Rasterio has one C library dependency: GDAL >=1.11
. GDAL itself depends on
many of other libraries provided by most major operating systems and also
depends on the non standard GEOS and PROJ4 libraries.
Python package dependencies (see also requirements.txt): affine, cligj,
click, enum34, numpy
.
Development also requires (see requirements-dev.txt) Cython and other packages.
Binary wheels with the GDAL, GEOS, and PROJ4 libraries included are available
for OS X versions 10.7+ starting with Rasterio version 0.17. To install,
run pip install rasterio
. These binary wheels are preferred by newer
versions of pip. If you don't want these wheels and want to install from
a source distribution, run pip install rasterio --no-binary
instead.
The included GDAL library is fairly minimal, providing only the format drivers that ship with GDAL and are enabled by default. To get access to more formats, you must build from a source distribution (see below).
Binary wheels for other operating systems will be available in a future release.
Binary wheels for rasterio and GDAL are created by Christoph Gohlke and are available from his website.
To install rasterio, download both binaries for your system (rasterio and GDAL) and run something like this from the downloads folder:
$ pip install -U pip
$ pip install GDAL-1.11.2-cp27-none-win32.whl
$ pip install rasterio-0.24.0-cp27-none-win32.whl
To install rasterio on the Anaconda Python distribution, please visit the rasterio conda-forge page for install instructions. This build is maintained separately from the rasterio distribution on PyPi and packaging issues should be addressed on the rasterio conda-forge issue tracker.
Rasterio is a Python C extension and to build you'll need a working compiler (XCode on OS X etc).
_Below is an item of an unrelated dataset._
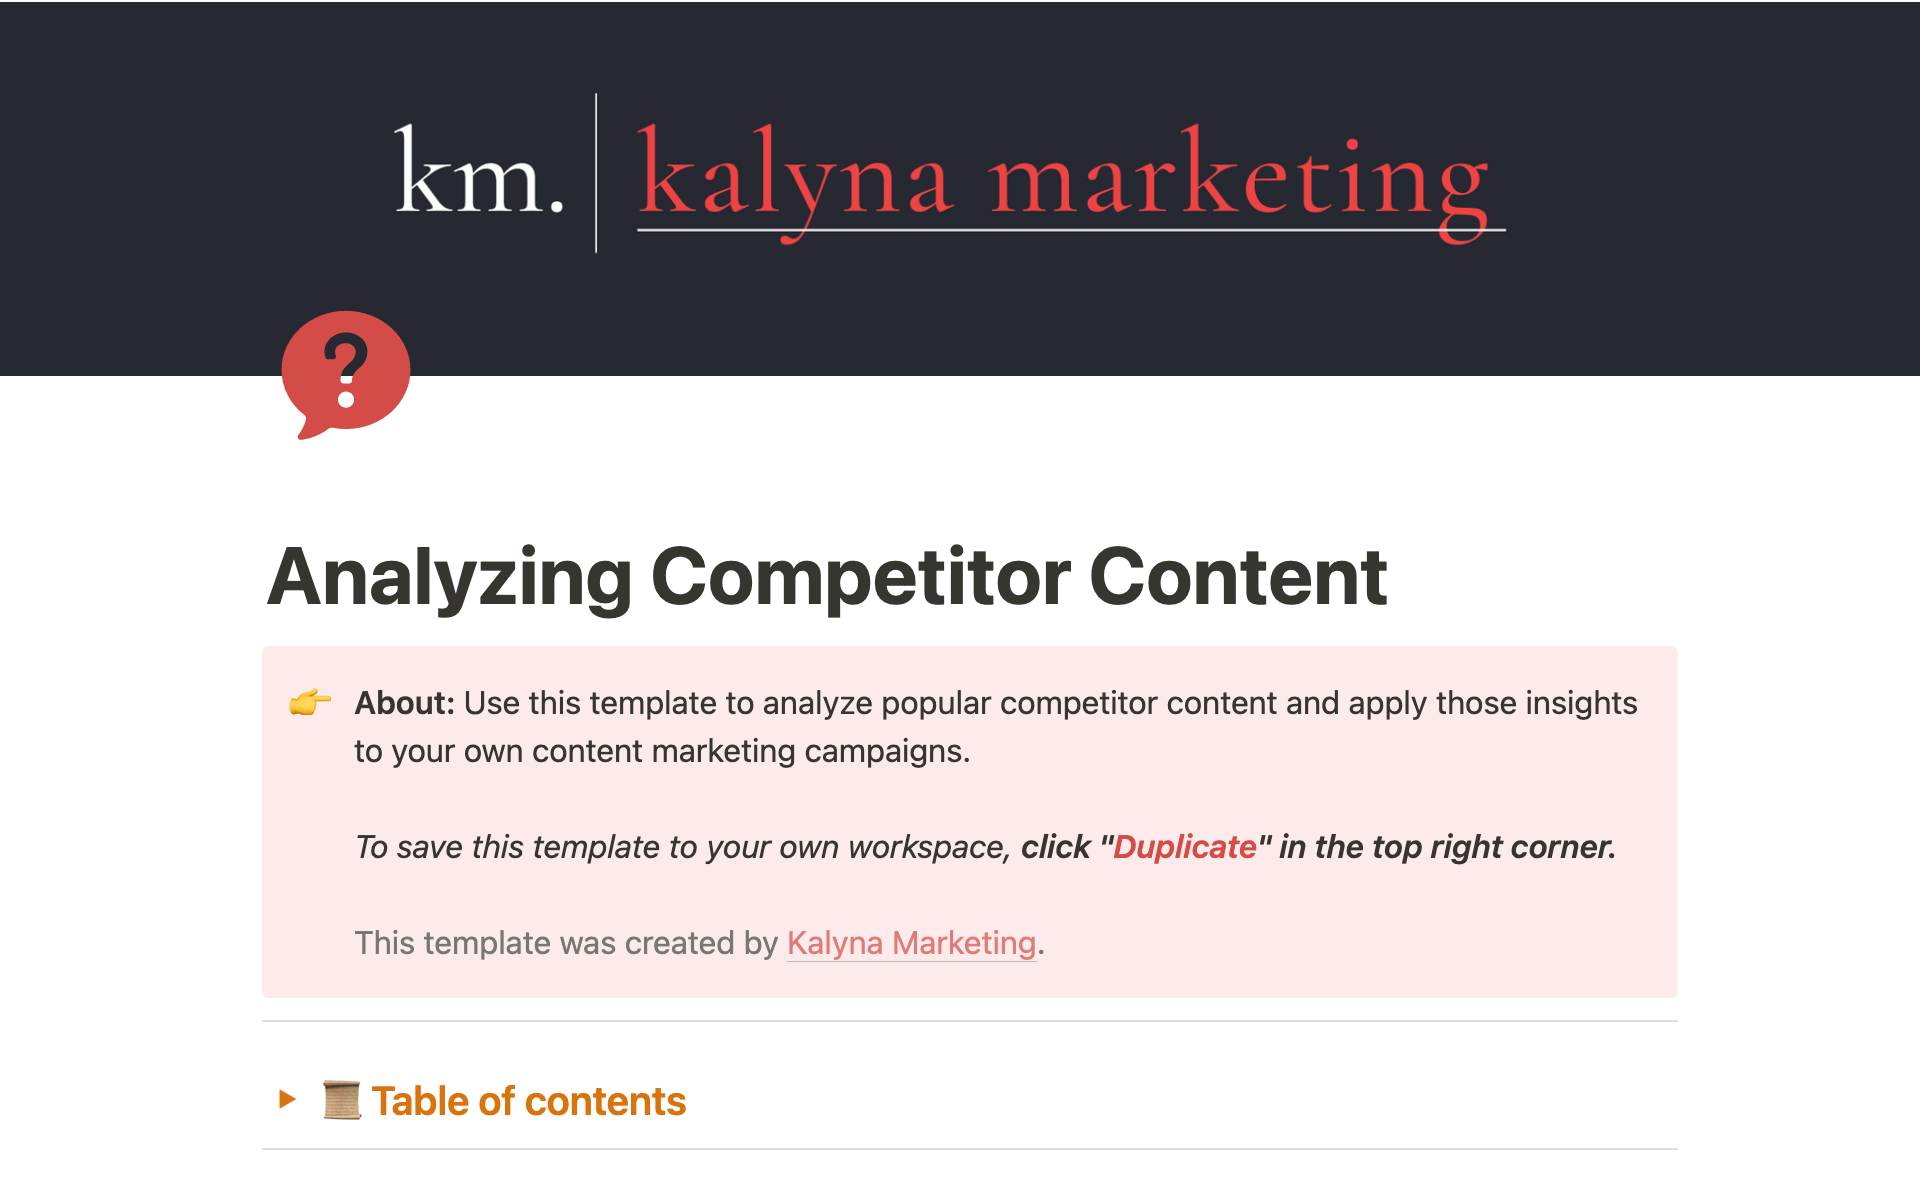 Analyze popular competitor content and apply those insights to your own content marketing campaigns.
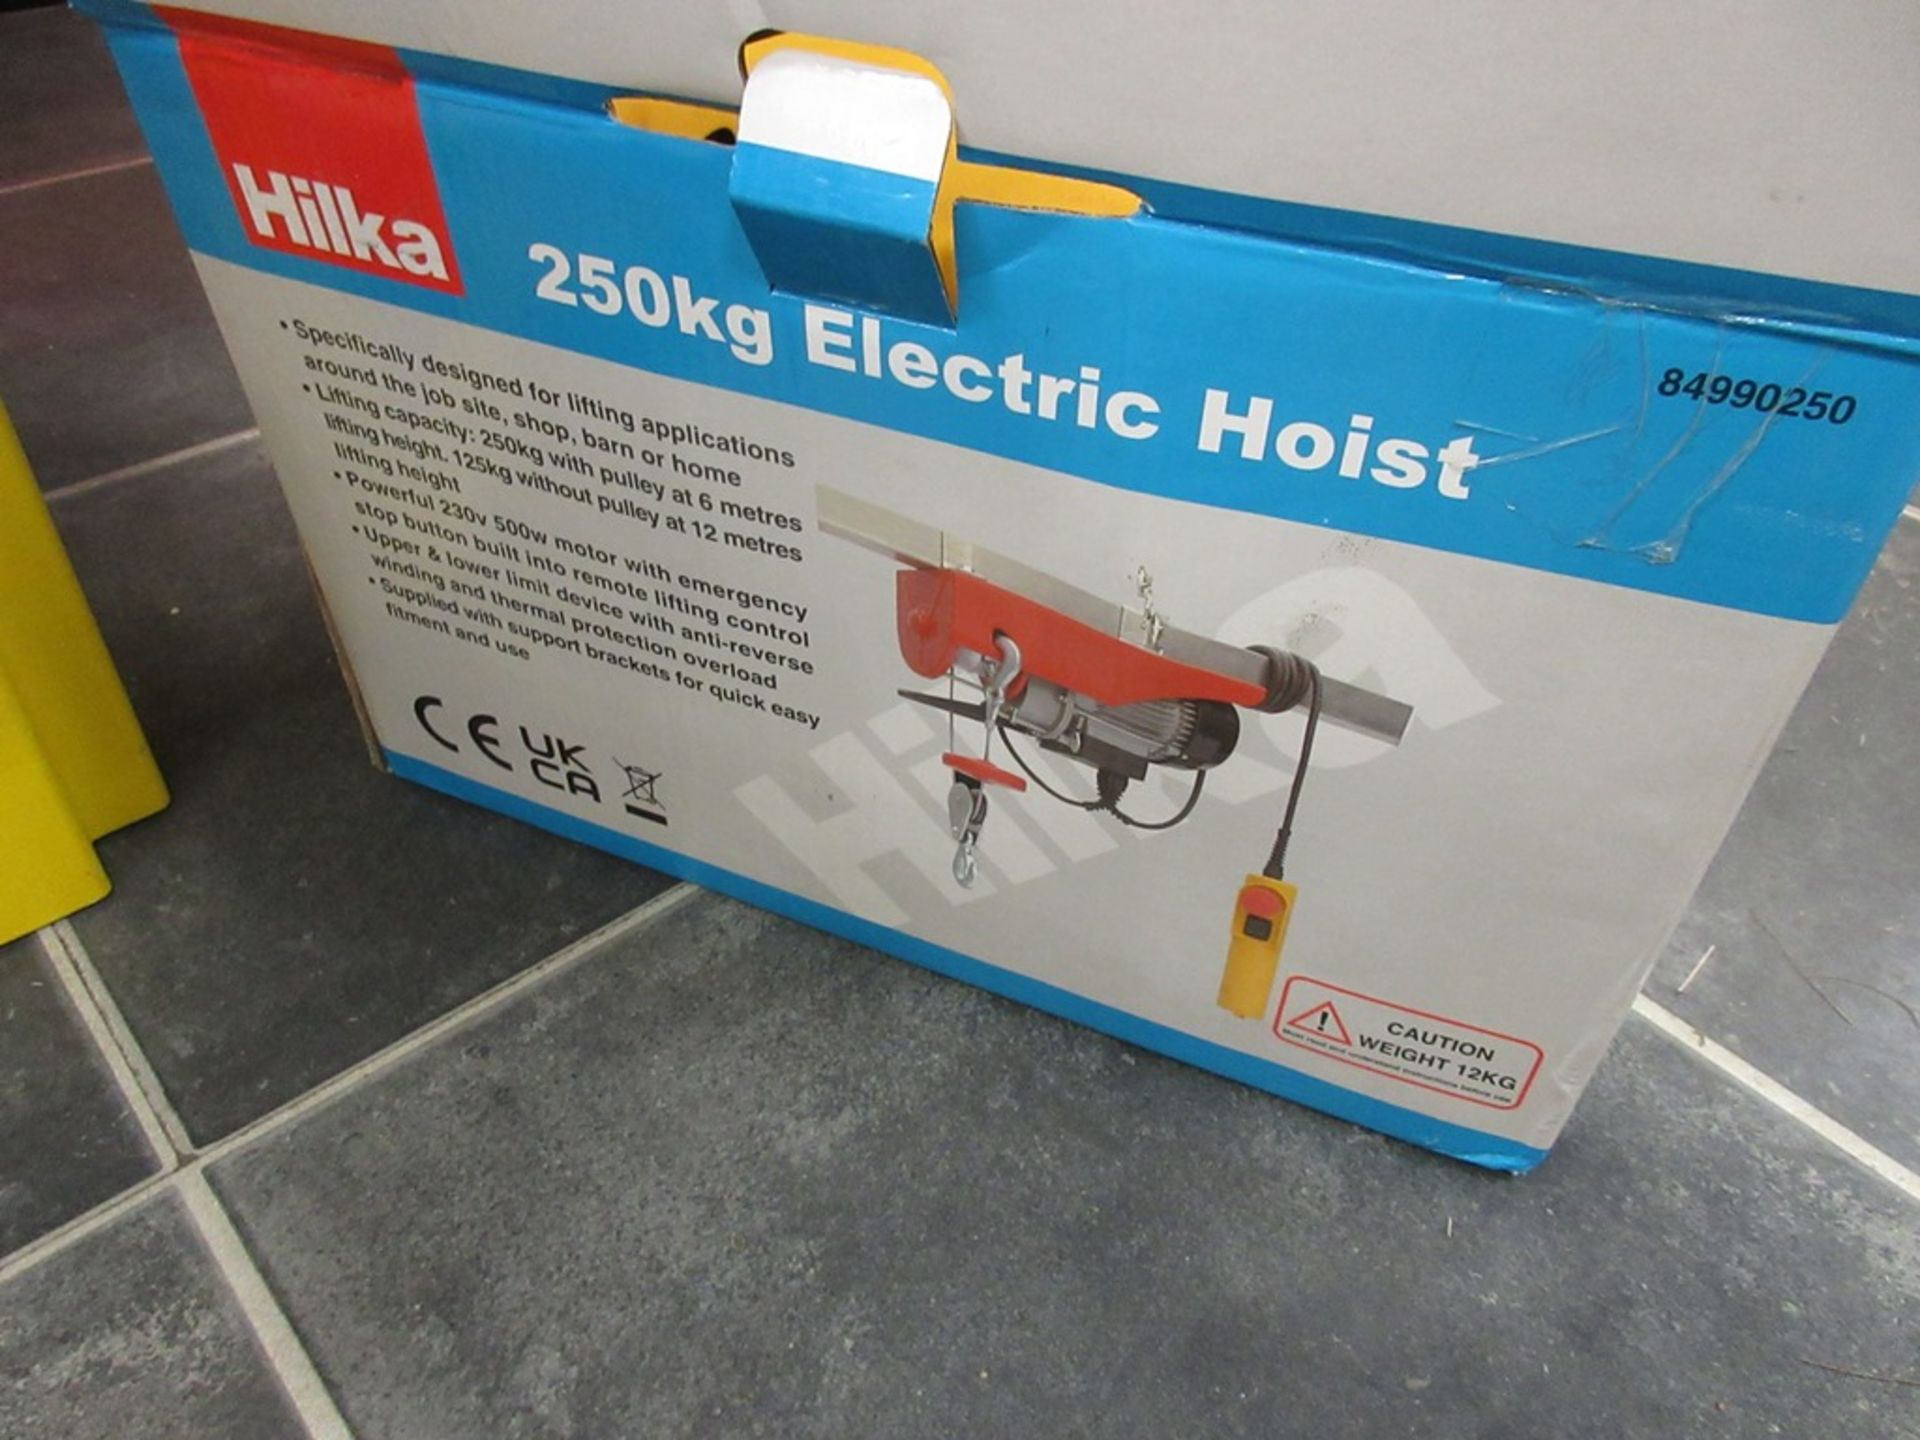 Hilka 250kg electric hoist NB: This item has no record of Thorough Examination. The purchaser must

You'll also need Numpy preinstalled; the Numpy headers are required to run the rasterio setup script. Numpy has to be installed (via the indicated requirements file) before rasterio can be installed. See rasterio's Travis configuration for more guidance.
The following commands are adapted from Rasterio's Travis-CI configuration.
$ sudo add-apt-repository ppa:ubuntugis/ppa
$ sudo apt-get update
$ sudo apt-get install python-numpy gdal-bin libgdal-dev
$ pip install rasterio
Adapt them as necessary for your Linux system.
For a Homebrew based Python environment, do the following.
$ brew install gdal
$ pip install rasterio
You can download a binary distribution of GDAL from here. You will also need to download the compiled libraries and headers (include files).
When building from source on Windows, it is important to know that setup.py cannot rely on gdal-config, which is only present on UNIX systems, to discover the locations of header files and libraries that rasterio needs to compile its C extensions. On Windows, these paths need to be provided by the user. You will need to find the include files and the library files for gdal and use setup.py as follows.
$ python setup.py build_ext -I<path to gdal include files> -lgdal_i -L<path to gdal library> install
With pip
$ pip install --no-use-pep517 --global-option -I<path to gdal include files> -lgdal_i -L<path to gdal library> .
Note: --no-use-pep517
is required as pip currently hasn't implemented a
way for optional arguments to be passed to the build backend when using PEP 517.
See here. for more details.
Alternatively environment variables (e.g. INCLUDE and LINK) used by MSVC compiler can be used to point to include directories and library files.
We have had success compiling code using the same version of Microsoft's Visual Studio used to compile the targeted version of Python (more info on versions used here.).
Note: The GDAL dll (gdal111.dll) and gdal-data directory need to be in your Windows PATH otherwise rasterio will fail to work.